I've also found a few scripts that you can use for this purpose. I haven't tried these scripts yet but they look pretty straightforward.
RUBY
require 'aws/s3'
AWS::S3::Base.establish_connection!(
:access_key_id => 'your access key',
:secret_access_key => 'your secret key'
)
bucket = AWS::S3::Bucket.find('the bucket name')
while(!bucket.empty?)
begin
puts "Deleting objects in bucket"
bucket.objects.each do |object|
object.delete
puts "There are #{bucket.objects.size} objects left in the bucket"
end
puts "Done deleting objects"
rescue SocketError
puts "Had socket error"
end
end
PERL
#!/usr/bin/perl
use Net::Amazon::S3;
my $aws_access_key_id = 'your access key';
my $aws_secret_access_key = 'your secret access key';
my $increment = 50; # 50 at a time
my $bucket_name = 'bucket_name';
my $s3 = Net::Amazon::S3->new({aws_access_key_id => $aws_access_key_id, aws_secret_access_key => $aws_secret_access_key, retry => 1, });
my $bucket = $s3->bucket($bucket_name);
print "Incrementally deleting the contents of $bucket_name\n";
my $deleted = 1;
my $total_deleted = 0;
while ($deleted > 0) {
print "Loading up to $increment keys...\n";
$response = $bucket->list({'max-keys' => $increment, }) or die $s3->err . ": " . $s3->errstr . "\n";
$deleted = scalar(#{ $response->{keys} }) ;
$total_deleted += $deleted;
print "Deleting $deleted keys($total_deleted total)...\n";
foreach my $key ( #{ $response->{keys} } ) {
my $key_name = $key->{key};
$bucket->delete_key($key->{key}) or die $s3->err . ": " . $s3->errstr . "\n";
}
}
print "Deleting bucket...\n";
$bucket->delete_bucket or die $s3->err . ": " . $s3->errstr;
print "Done.\n";
SOURCE: Tarkblog
Hope this helps!

recent versions of s3cmd have --recursive
e.g.,
~/$ s3cmd rb --recursive s3://bucketwithfiles
http://s3tools.org/kb/item5.htm

With s3cmd:
Create a new empty directory
s3cmd sync --delete-removed empty_directory s3://yourbucket

This may be a bug in S3Fox, because it is generally able to delete items recursively. However, I'm not sure if I've ever tried to delete a whole bucket and its contents at once.
The JetS3t project, as mentioned by Stu, includes a Java GUI applet you can easily run in a browser to manage your S3 buckets: Cockpit. It has both strengths and weaknesses compared to S3Fox, but there's a good chance it will help you deal with your troublesome bucket. Though it will require you to delete the objects first, then the bucket.
Disclaimer: I'm the author of JetS3t and Cockpit

SpaceBlock also makes it simple to delete s3 buckets - right click bucket, delete, wait for job to complete in transfers view, done.
This is the free and open source windows s3 front-end that I maintain, so shameless plug alert etc.

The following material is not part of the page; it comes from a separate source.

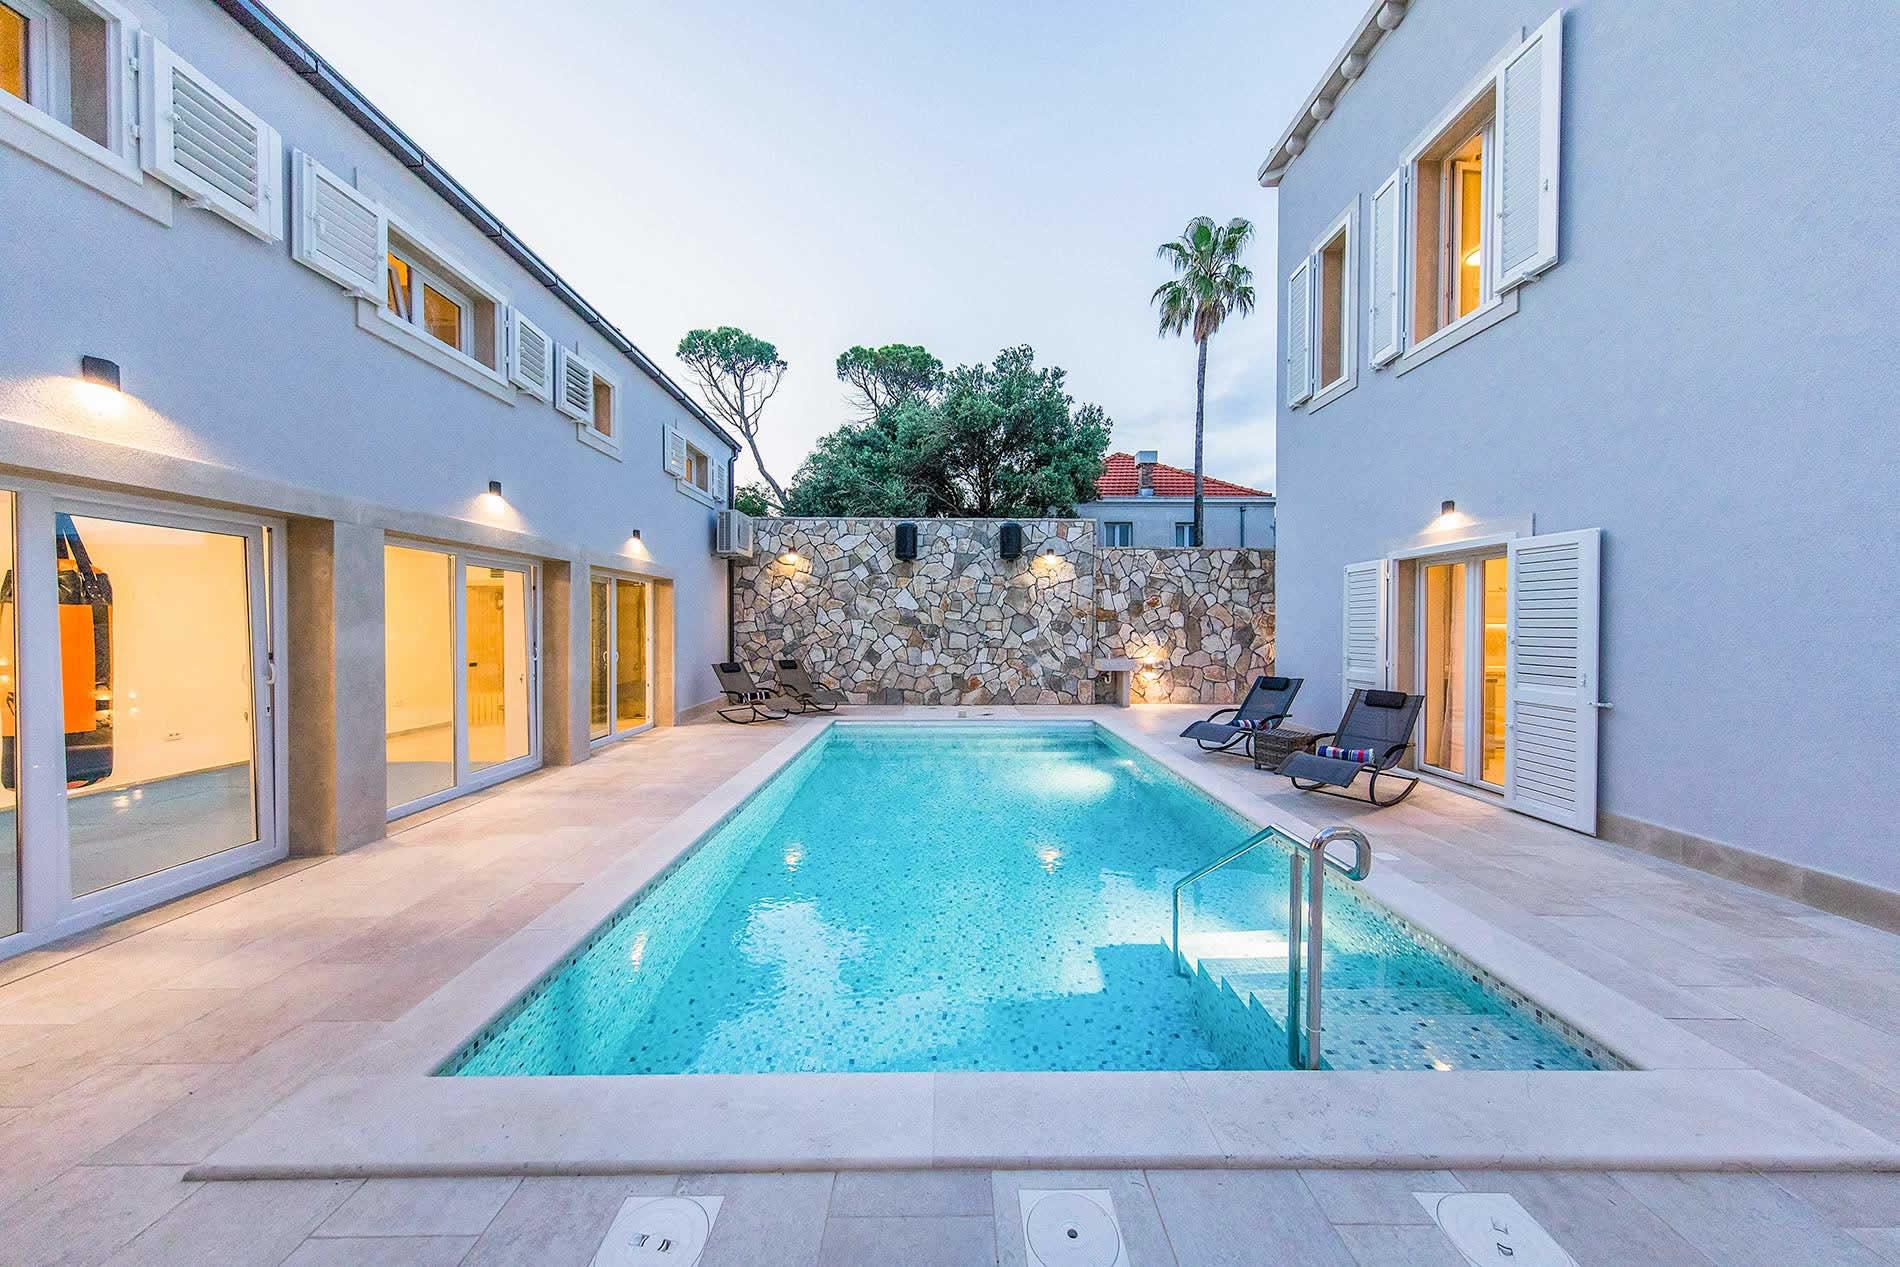 Villa Lapad Residence in Dubrovnik - sleeps 10 people

I've implemented bucket-destroy, a multi threaded utility that does everything it takes to delete a bucket. I handle non empty buckets, as well as version enabled bucket keys.
You can read the blog post here http://bytecoded.blogspot.com/2011/01/recursive-delete-utility-for-version.html and the instructions here http://code.google.com/p/bucket-destroy/
I've successfully deleted with it a bucket that contains double '//' in the key name, versioned key and DeleteMarker keys. Currently I'm running it on a bucket that contains ~40,000,000 so far I've been able to delete 1,200,000 in several hours on m1.large. Note that the utility is multi threaded but does not (yet) implemented shuffling (which will horizontal scaling, launching the utility on several machines).

If you use amazon's console and on a one-time basis need to clear out a bucket: You can browse to your bucket then select the top key then scroll to the bottom and then press shift on your keyboard then click on the bottom one. It will select all in between then you can right click and delete.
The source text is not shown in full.